Three fusion events were identified between the subunits of tetrahydromethanopterin S-methyltransferase (Mtr), a key enzyme involved in methyl-coenzyme M formation (88). These include a singular fusion of subunit A to B in unclassified Thaumarchaeota (cluster 797.1), between subunit A and H in unclassified Archaea and between subunit A and F in 12 Methanococcales and 2 Methanocellales assemblies (cluster 797.2).
The Methyl-coenzyme M reductase (Mcr) enzyme is responsible for catalyzing the reduction of methyl group to methane through a reaction between coenzyme M and B (89). In the assembly of Methanoculleus marisnigri, its subunit A is split into two proteins (cluster 306.1). This finding is particularly important since the subunit is widely used for phylogenetic reconstructions (90), and proper recognition of fission events is crucial for accurate analyses.
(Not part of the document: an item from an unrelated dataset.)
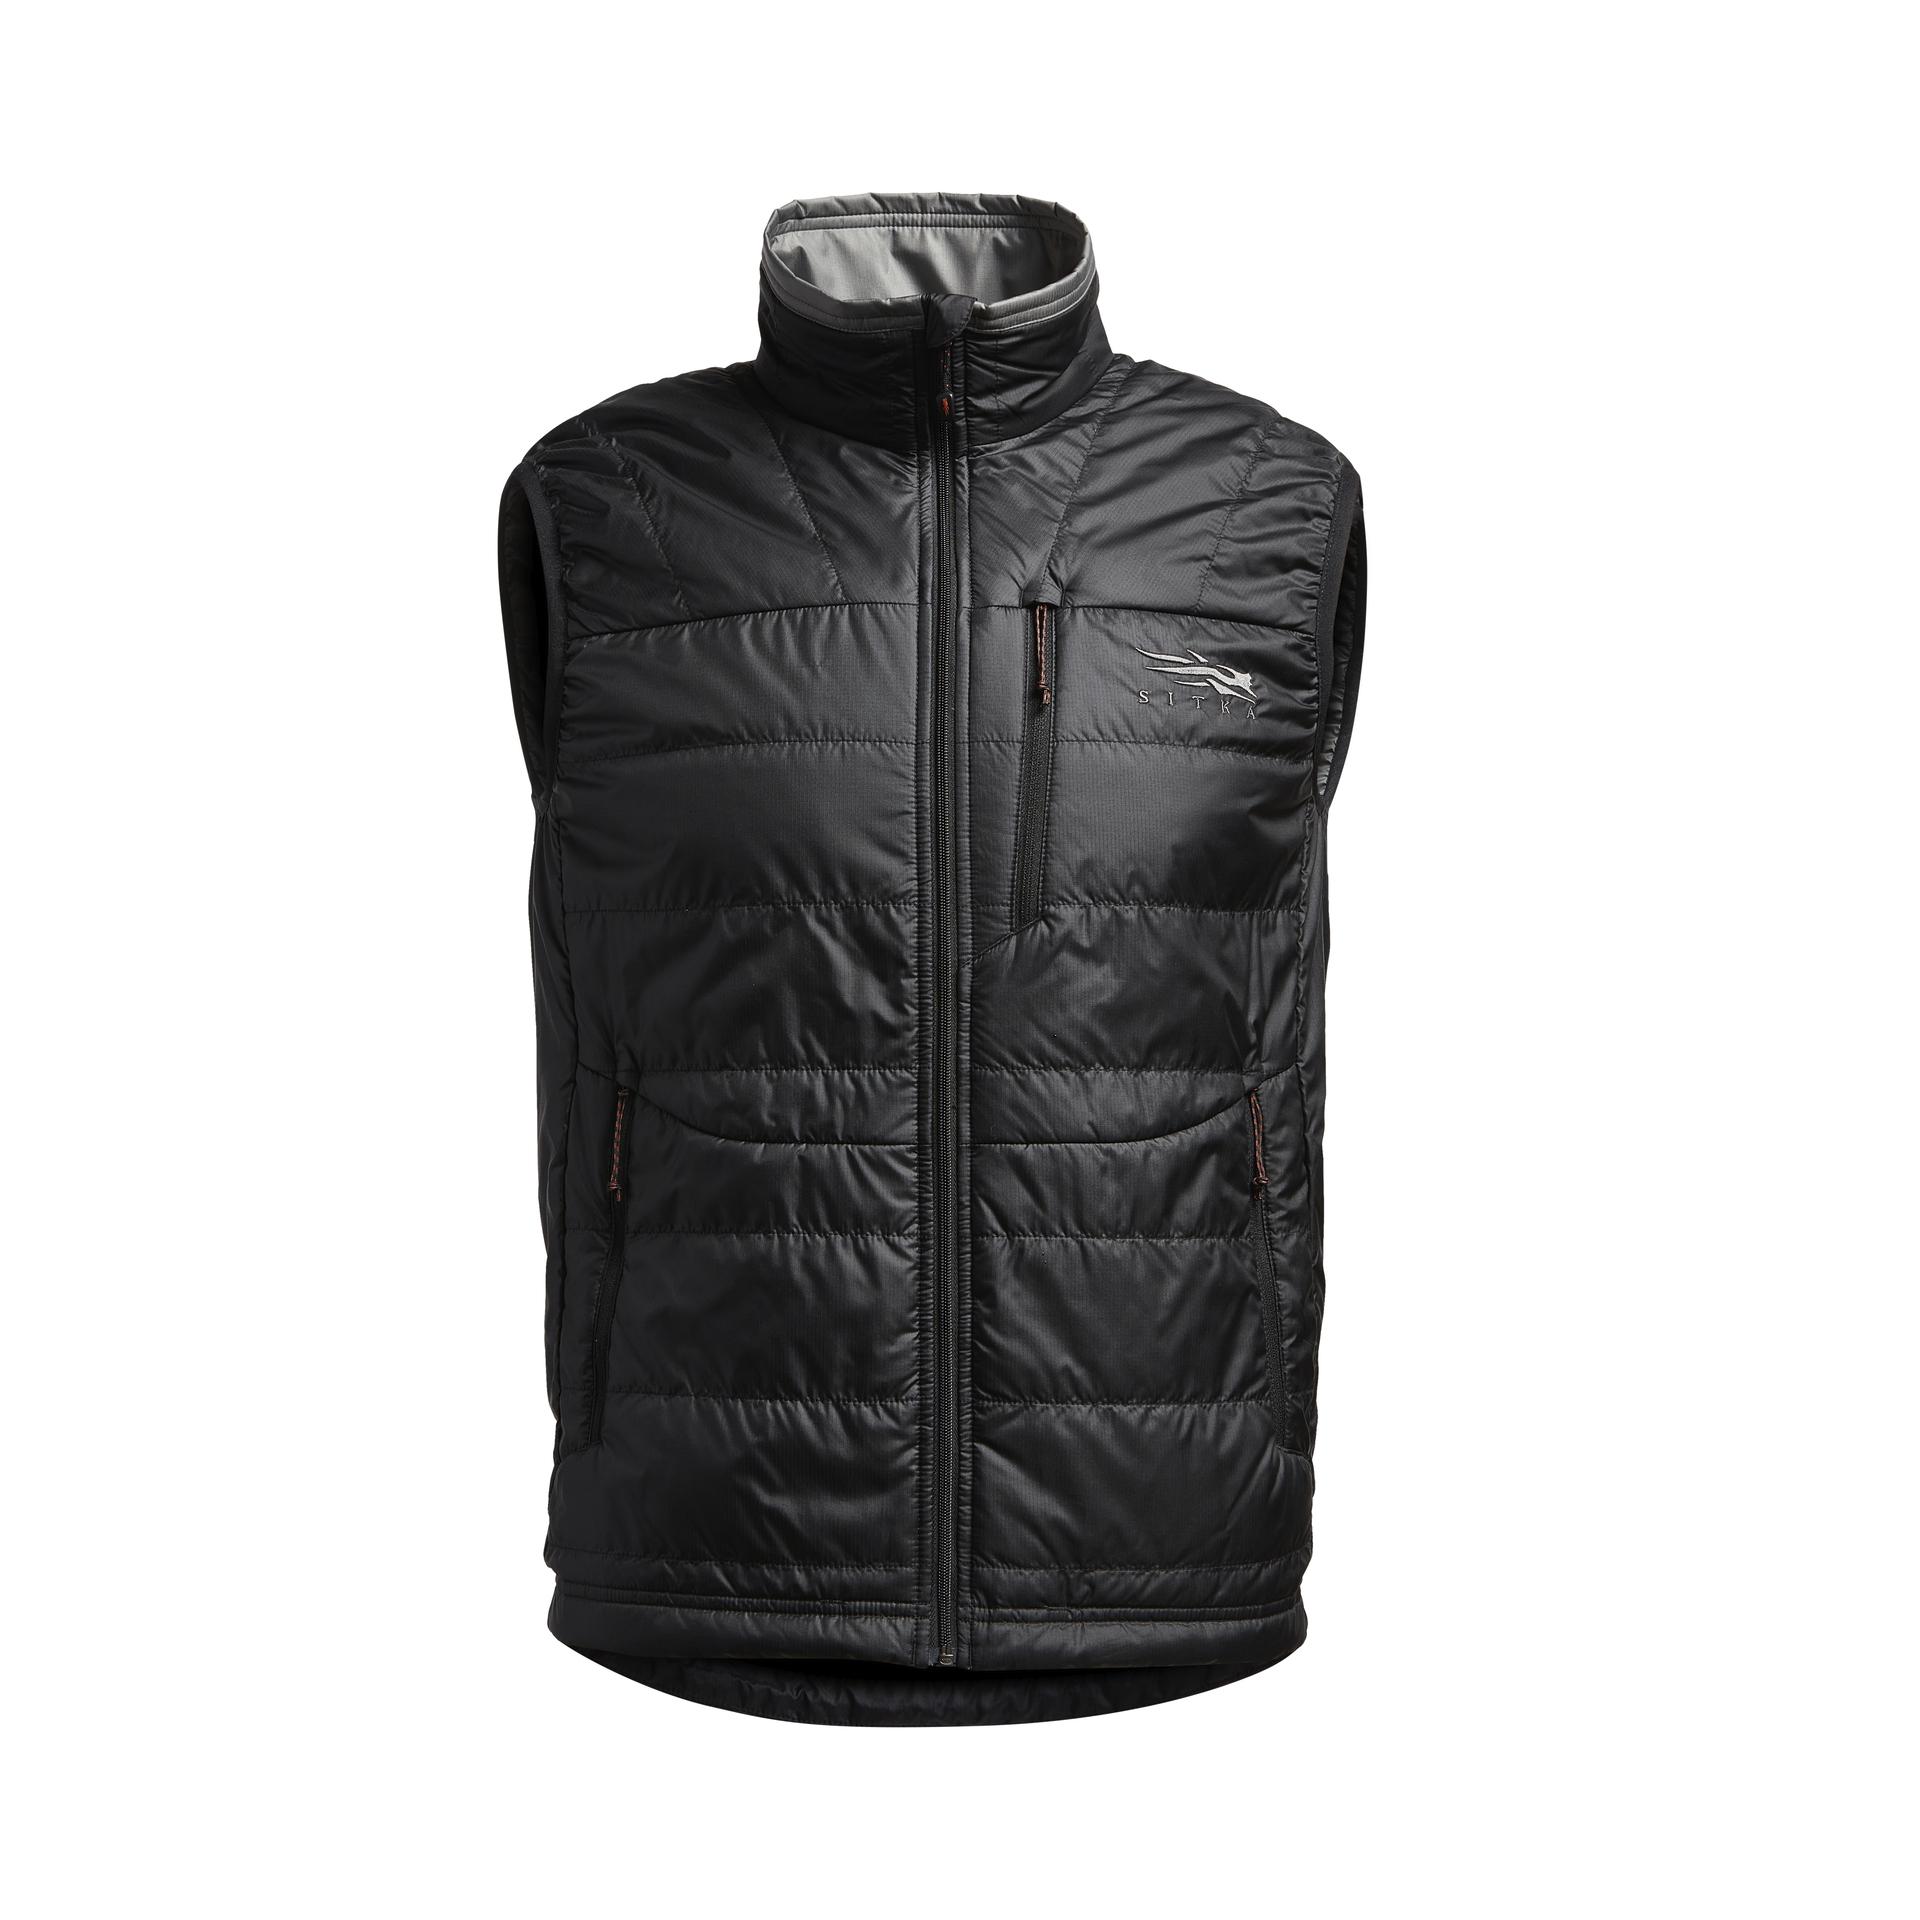 Sitka Gear - Kelvin Aerolite Vest Black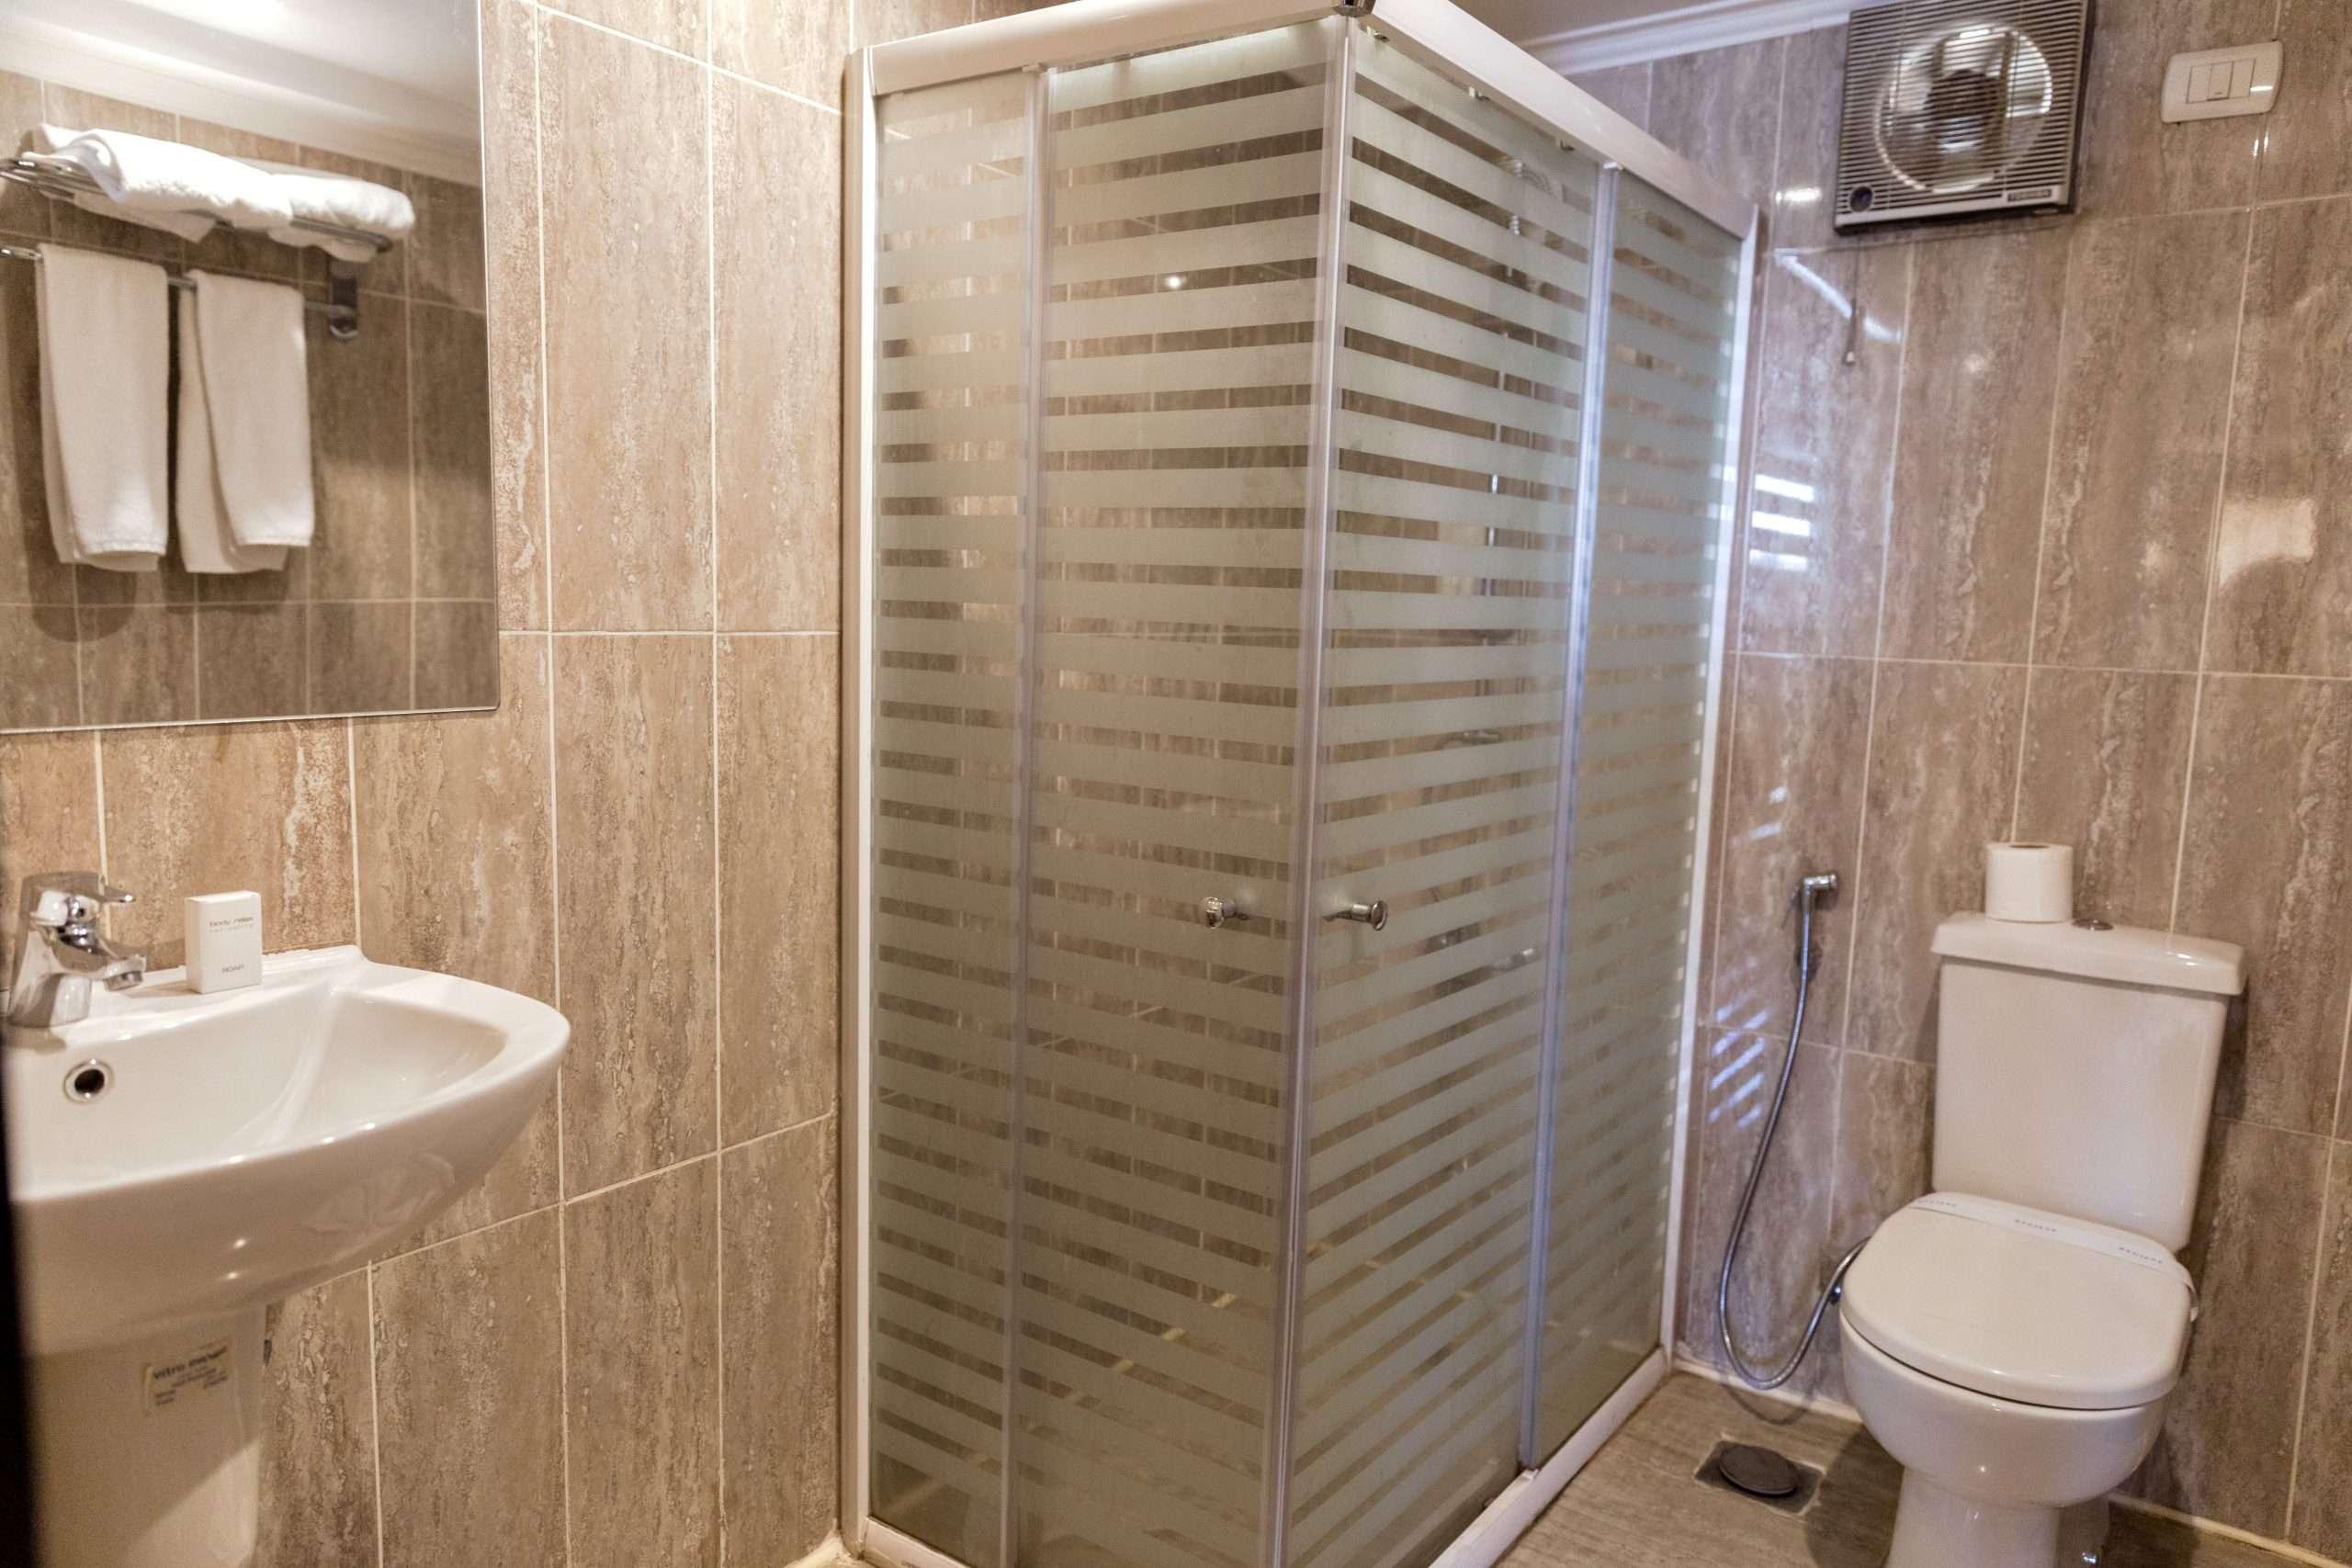 Shower and bathroom in the obelisk nile hotel in Aswan

Finally, within the heterodisulfide reductase complexes (HdrABC and the HdrED present in cytochrome containing methanogens) that catalyze the reduction of coenzyme B (CoB) and M (CoM) (91, 92), several fusions between their subunits were identified (Table S2; Fig. S5). These are widely distributed across taxa, can involve more than two subunits, and may include fusion of duplications, as seen in the alpha subunit (HdrA). For instance, Ca. Thorarchaeota (16/18 assemblies) and Ca. Lokiachaeota (9/10 assemblies) have multiple copies of the hdrA gene per assembly (cluster 77). In all of these lineages, at least one of these HdrA proteins is the short version of the enzyme, having on an average of 650 amino acids. In addition, proteins resulting from a fusion of two HdrA domains are further fused with an F420-non-reducing hydrogenase iron-sulfur subunit D (mvhD) that is often attached to its C terminus (17/54 duplicated HdrA fusions) (cluster 77). These longer versions of HdrA proteins were identified to be in up to six copies per assembly. Except Thaumarchaeota where only in two assemblies four HdrA fusions were detected, a high number of fused HdrA domains are found within the TACK phyla. Methanogens, however, have only one or two HdrA copies in the cluster, most of them corresponding to the “canonical” shorter form or instead, fused with the mvhD domain.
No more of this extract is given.